Thursday, May 27, 2010

An Unfair World of Winning and Losing

In this crazy world, sometimes reality can be very cruel. In the game of life, winners are worshiped. Losers are scorned, spurned, and shipped out like unwanted trash.  Nowhere is this more evident than the world of sports where top sports clubs or teams change their managers or coaches the moment they fail to win the championship. We are almost one month away from the World's Most Popular Tournament, to be held in South Africa. The game of soccer. It has reaped millions of dollars for winners. It has also created a lengthy list of 'losers' who have been unceremoniously shipped out due to the failure to win enough glory for the club or country.

The latest evidence of such an unfair world is in Europe. The one popularly referred to as the 'special one,' Jose Mourinho, has just led his club, Inter Milan to glory, winning Europe's top club competition called the UEFA Champions League 2010. Almost immediately, Mourinho openly expresses his wish to coach another top Spanish team, Real Madrid. Such a wish is an automatic count-down to the demise of the existing Real Madrid coach Manuel Pellegrini. After all, everybody like winners. Mourinho is a winner, having just won another Champions League victory. Pellegrini is a clear loser, who has not helped his club won a major trophy during his short 9-month tenure. He complains that he has not been given the 'backing' he needs to help the club succeed.

I see the highly popular English Premier League in the UK also being victimized by the 'winner' syndrome. In such a winner-takes-all scenario, there is very little room for trial and error. With so much money demanded of even the poorest club, only the richest and the meanest survive. What is more troubling is that the game of soccer at the EPL has become a money-talks-loudest game. It is no longer a game to promote the game of sports. It is a game where only the richest clubs who can afford to practically 'buy' whatever trophy they have with their money.

Since coming to Canada, I have been intrigued by the Canadian infatuation over the game of ice-hockey. With so many nights of hockey telecast live on TV, it is only a matter of time, any newbie to hockey will take notice of this sports. For me, what is most fascinating is not the game itself, but the ongoing commentary, especially the discussion panel AFTER the game. No matter how well a team plays, when they fail to win, commentators will say the most negative things about them. Criticisms tend to follow a numerical scale as well.   The greater the number of goals lost, the greater the criticisms. On the other hand, all it takes is one winning goal, and the commentators will be full of cheer and praise for the winning team. From goaltenders to the most ineffective skater on the ice, reporters tend to say the most positive things about the winning team.

I shudder and shake my head when such things happen. It only tells me that the game of sports has deteriorated to the point where only winners mean something. Gone are the days of brave sportsmanship. Gone are the times where healthy competition is promoted. Gone are the moments of encouraging all to do their best.

Why must the world discriminate so much between winners and losers? If there are no other competitors, what is the meaning of winning? Why should winners by themselves get all the glory?

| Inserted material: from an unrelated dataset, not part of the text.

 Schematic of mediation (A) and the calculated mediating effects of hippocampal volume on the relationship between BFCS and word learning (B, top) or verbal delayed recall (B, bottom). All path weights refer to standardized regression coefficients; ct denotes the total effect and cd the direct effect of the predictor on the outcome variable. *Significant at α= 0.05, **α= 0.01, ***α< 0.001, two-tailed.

Perhaps, as viewers and consumers of sports events, we should learn to let our money do the talking. For that, I will refuse to sign on more sports channels. Maybe, once my current subscription is up for renewal, I might even think twice about dropping some.

Winning is important. However, when winning becomes the sole ambition, the only reason for playing,the meaning of sportsmanship is undermined. When that happens, nobody wins.